Many people experience problems with acquiring proper, restful sleep. We often associate this with direct causes like stress, anxiety, or diet. Have you ever thought about your overall daily posture and, in particular, your head position as being part of the reason for poor sleep patterns? Many chronic health symptoms can actually be indirect results of maladies originating in seemingly unrelated areas of the body.
How poor head posture can adversely affect your sleep
As a society that shifts more and more into the classic seated chair posture, many people become unaware of the poor alignment that often sets into the head and neck. From a gravitational perspective, the head (and its weight) is meant to sit OVER the inherent curvatures of the spine so the upper vertebra can effectively carry the load of the skull.
Common poor posture sets in for most people when the head draws forward of the spinal lines. This places chronic tension throughout the neck: the rear aspect of neck tissues become tense and over-elongated, the neck curvature dissolves losing its ability to take skull loading, and the front neck muscles also become undesirably strengthened. Overall, a great imbalance of loading and muscle tension develops. Result? Neck pain!
The other common side effect of head-forward posture is a tendency to shift into "mouth breathing" over nostril breathing. The combination of neck pain and mouth breathing has a direct affect on overall breathing patterns. Chronic pain as well as mouth breathing inhibits lower lung (diaphragm) breathing. Inefficient breathing mechanics sets in where breathing is localized in the upper lungs (called apical breathing).

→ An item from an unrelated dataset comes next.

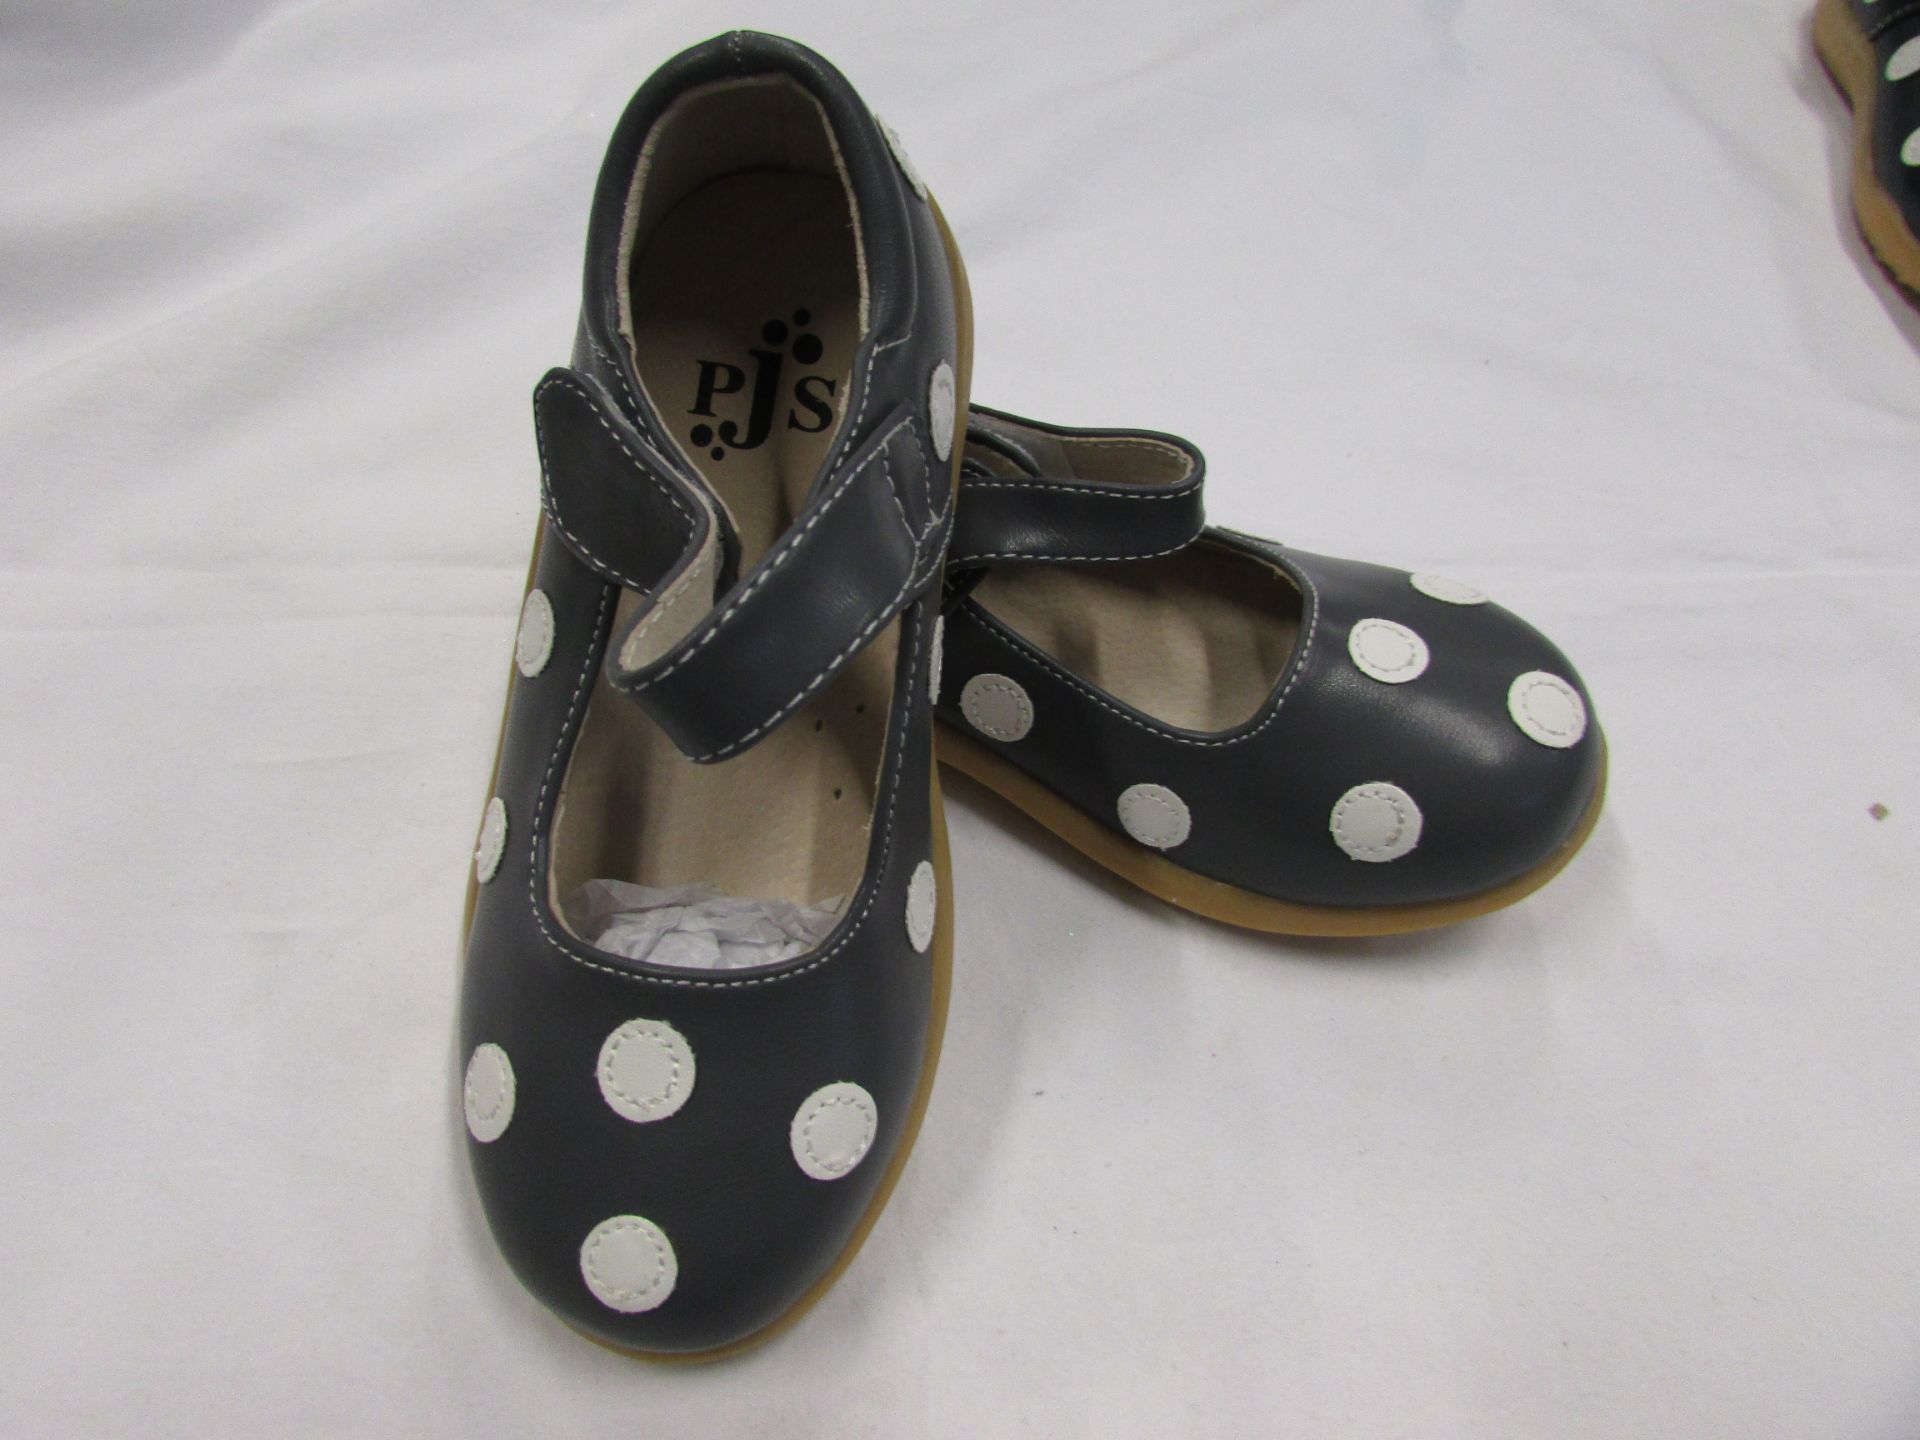 Puddle Jumper Shoes In Gray/White Spots (Usa Size: 10) (Unboxed)

The Blood’s Role in Breathing
Apical breathing has a cascading effect – we start to breathe more rapidly and shallowly. This breath pattern increases our exhalation rate and thus the venting off of carbon dioxide (CO2). CO2, when in the blood, exists primarily as an acid – if we vent off too much of CO2 (hence the "acid"), our blood pH moves into a more alkaline state.
The ability of our hemoglobin to deliver oxygen to our tissues is enhanced in a relatively acidic environment (at the tissue level) – this is called the Bohr Effect. When our system becomes more alkaline (due to the increased venting of CO2), oxygen delivery by hemoglobin is inhibited. With less oxygen available to our cells, the tissues shift from an efficient aerobic respiration to more anaerobic respiration.

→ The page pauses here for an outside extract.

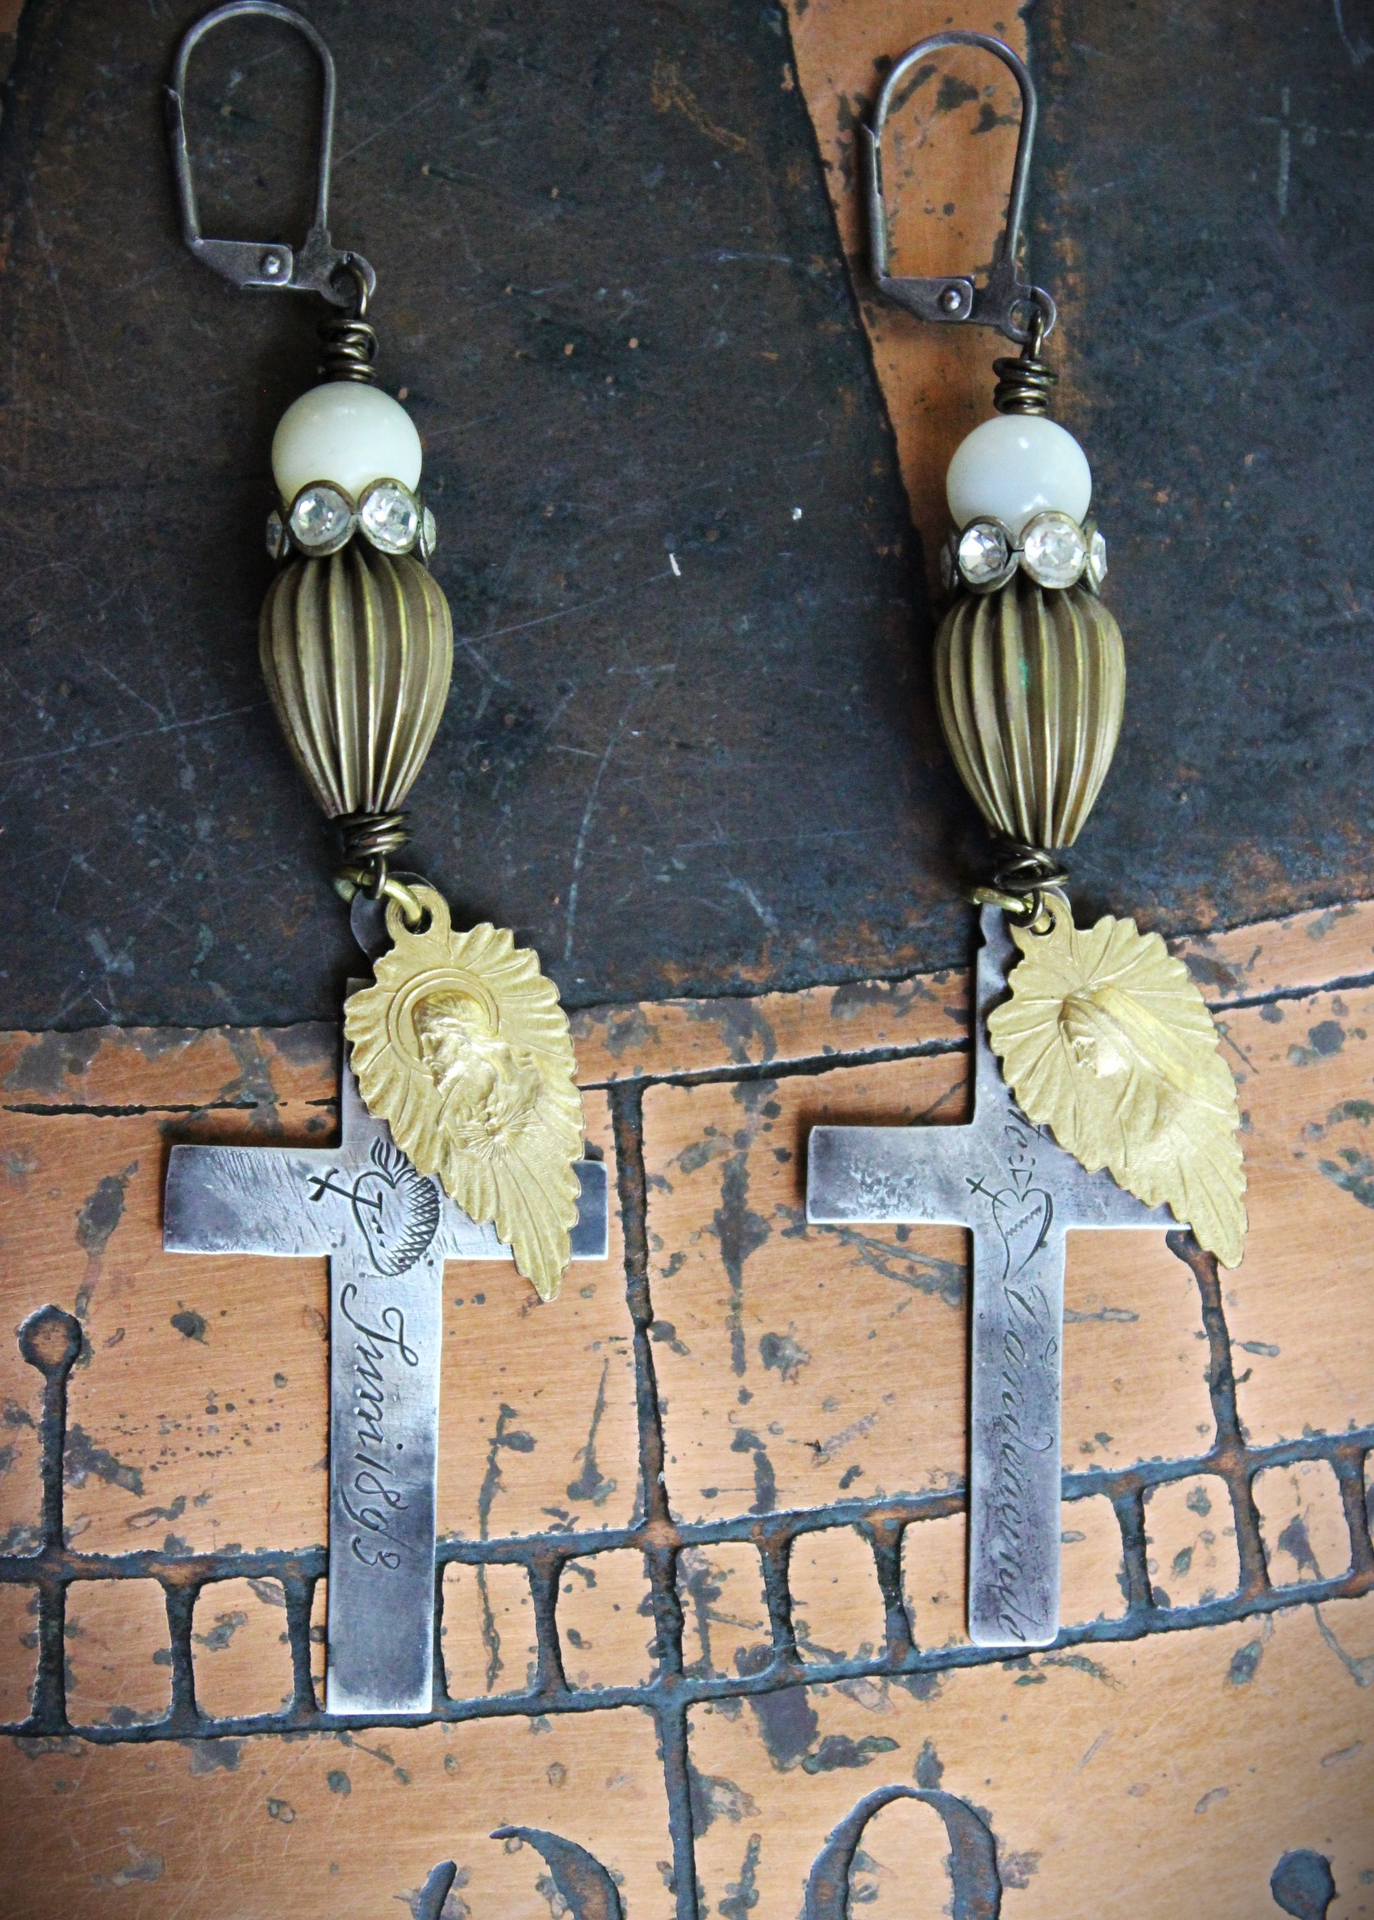 NEW! Antique French Sterling Engraved Nun's Cross Earrings w/Gold Leaf Mary and Jesus Findings, Antique Rhinestone Rondelles, Sterling Earring Wires

Anaerobic respiration has been shown to increase the production and circulation of cortisol, a steroid hormone produced by the adrenal glands. Cortisol is typically produced in states of stress. The general function and effects of cortisol are increased blood sugar (through gluconeogenesis), suppression of the immune system, and increased fat, protein, and carbohydrate metabolism.
With the body mimicking a low level "fight or flight" state, another effect of cortisol production is the disruption of healthy sleep patterns. With the body encountering poor sleep, the nervous system remains in a state of arousal. Also, fatigue tends to cause one to fall deeper in poor posture habits. Result? The cycle feedbacks onto itself causing sustained apical breathing and the cascading effects.
Here is a summarized version of this pathway:
- Head-forward posture causes mouth breathing and pain
- Body shifts into apical breathing
- Increased venting off of CO2
- Increased respiratory alkalosis (blood pH increases towards alkaline state)
- Increased Bohr Effect leading to decreased oxygen to tissues
- Increased anaerobic respiration
- Increased cortisol release
- Reduced ability to have restful sleep patterns
- Increased arousal due to poor sleep and increased head-forward posture
- Further shifts into apical breathing
Consider how you sit throughout the day. Address issues of poor sitting posture and work ergonomics – chair height, viewing levels and angles of computers and reading material, and find ways to take breaks to stretch and realign the body. Besides some of the obvious benefits of improving your neck posture, maintaining better head alignment in upright and seated positions may offer support for better sleep.